BEGIN RECORDS SUPPLIED
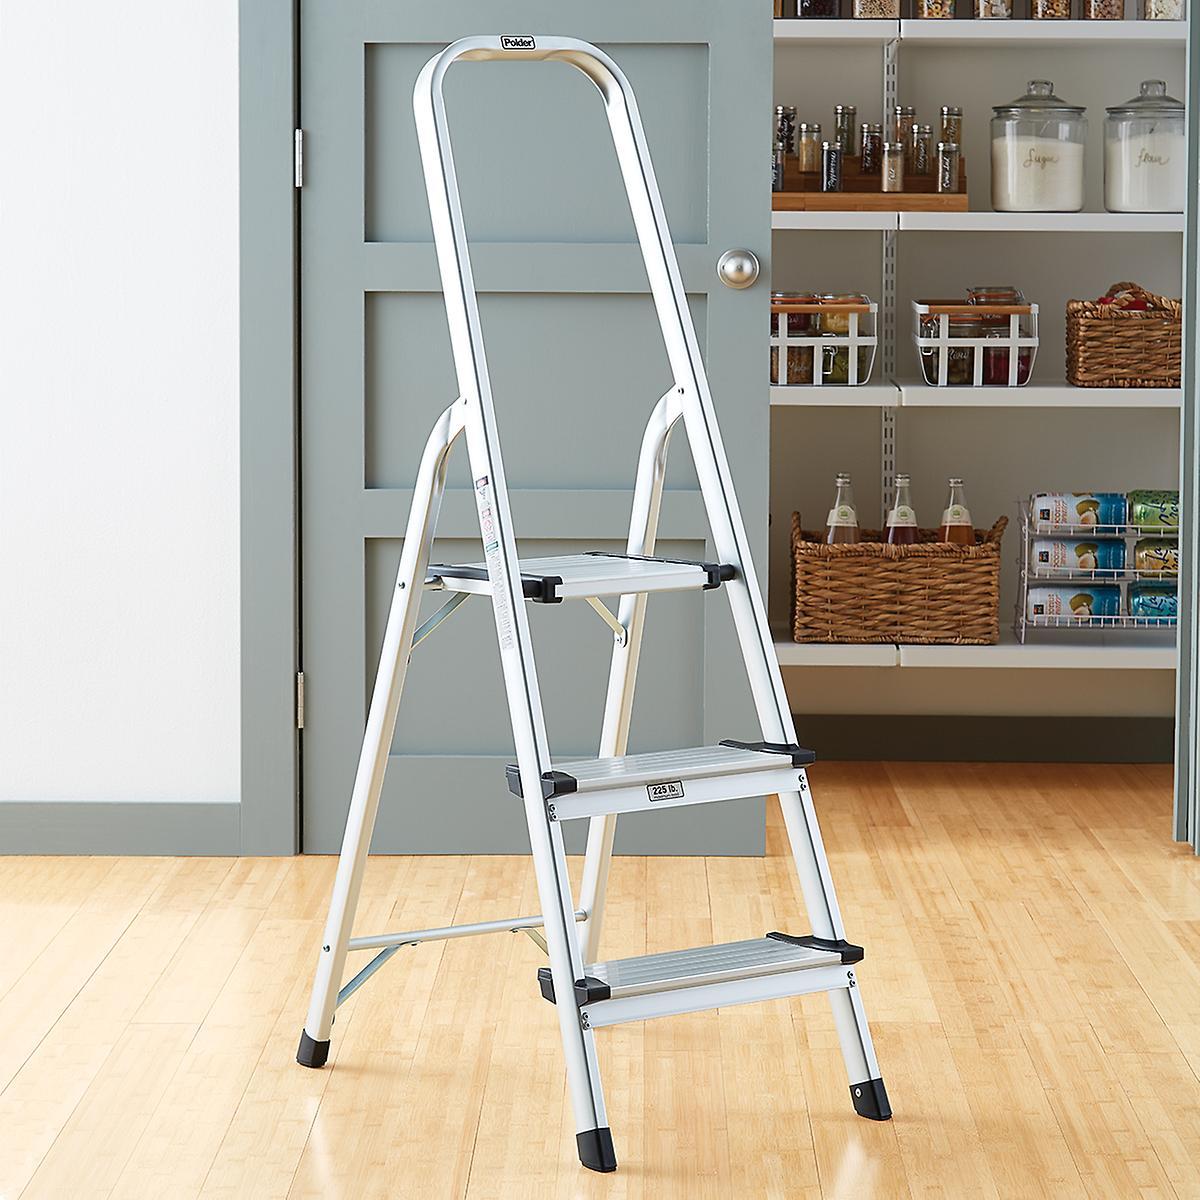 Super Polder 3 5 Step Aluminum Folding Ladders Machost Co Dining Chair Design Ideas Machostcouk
END RECORDS SUPPLIED
BEGIN RECORDS SUPPLIED
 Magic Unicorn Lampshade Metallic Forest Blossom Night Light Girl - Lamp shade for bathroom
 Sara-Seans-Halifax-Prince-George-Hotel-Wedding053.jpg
END RECORDS SUPPLIED
* _EXERCISE DIRECTIONS_
Taking the line with "Magic Unicorn Lampshade" as the first and the line with "Sara-Seans-Halifax-Prince-George-Hotel-Wedding053.jpg" as the last, retype that stretch of the data above exactly, with no other lines.

* _FINAL ANSWER_
 Magic Unicorn Lampshade Metallic Forest Blossom Night Light Girl - Lamp shade for bathroom
 Sara-Seans-Halifax-Prince-George-Hotel-Wedding053.jpg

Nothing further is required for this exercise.